Usage

Training

  1. Set a training configuration in the config.py script. Each parameter is commented. See the documentation file for further info about each specific hyperparameter. You can also specify the parameters when calling the main.py script following the syntax Key=Value

  2. Train!:

    python main.py
    

Decoding

Once we have our model trained, we can translate new text using the sample_ensemble.py script. Please refer to the ensembling tutorial for more details about this script. In short, if we want to use the models from the first three epochs to translate the examples/EuTrans/test.en file, just run:

python sample_ensemble.py --models trained_models/tutorial_model/epoch_1 \
                                   trained_models/tutorial_model/epoch_2 \
                          --dataset datasets/Dataset_tutorial_dataset.pkl \
                          --text examples/EuTrans/test.en

Scoring

The score.py script can be used to obtain the (-log)probabilities of a parallel corpus. Its syntax is the following:

python score.py --help
usage: Use several translation models for scoring source--target pairs
   [-h] -ds DATASET [-src SOURCE] [-trg TARGET] [-s SPLITS [SPLITS ...]]
   [-d DEST] [-v] [-c CONFIG] --models MODELS [MODELS ...]
optional arguments:
    -h, --help            show this help message and exit
    -ds DATASET, --dataset DATASET
                        Dataset instance with data
    -src SOURCE, --source SOURCE
                        Text file with source sentences
    -trg TARGET, --target TARGET
                        Text file with target sentences
    -s SPLITS [SPLITS ...], --splits SPLITS [SPLITS ...]
                        Splits to sample.
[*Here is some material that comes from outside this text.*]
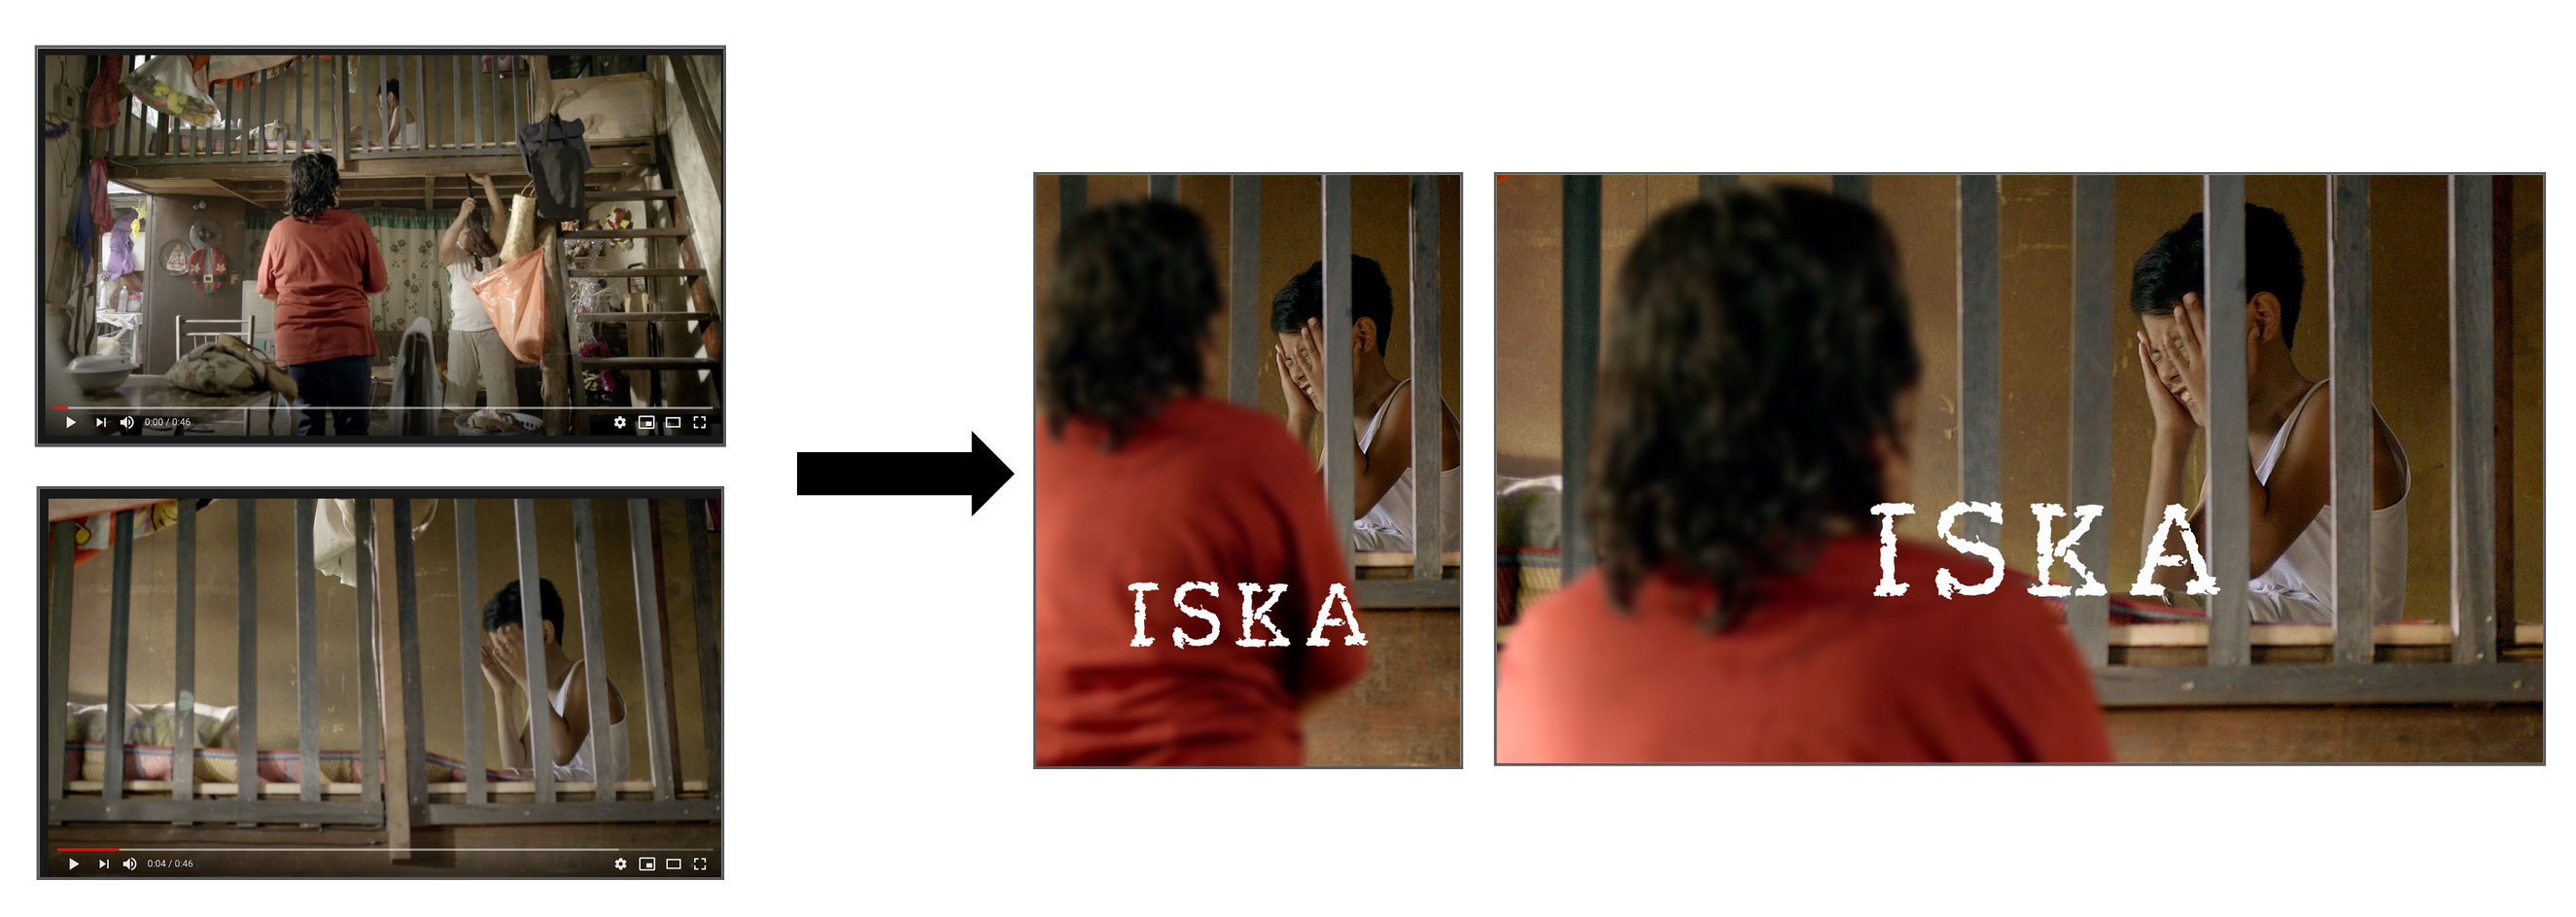 Trailer Frame (not exact) → Boxshot, SDP

Should be already included into the
                        dataset object.
    -d DEST, --dest DEST  File to save scores in
    -v, --verbose         Be verbose
    -c CONFIG, --config CONFIG
                        Config pkl for loading the model configuration. If not
                        specified, hyperparameters are read from config.py
    --models MODELS [MODELS ...]
                        path to the models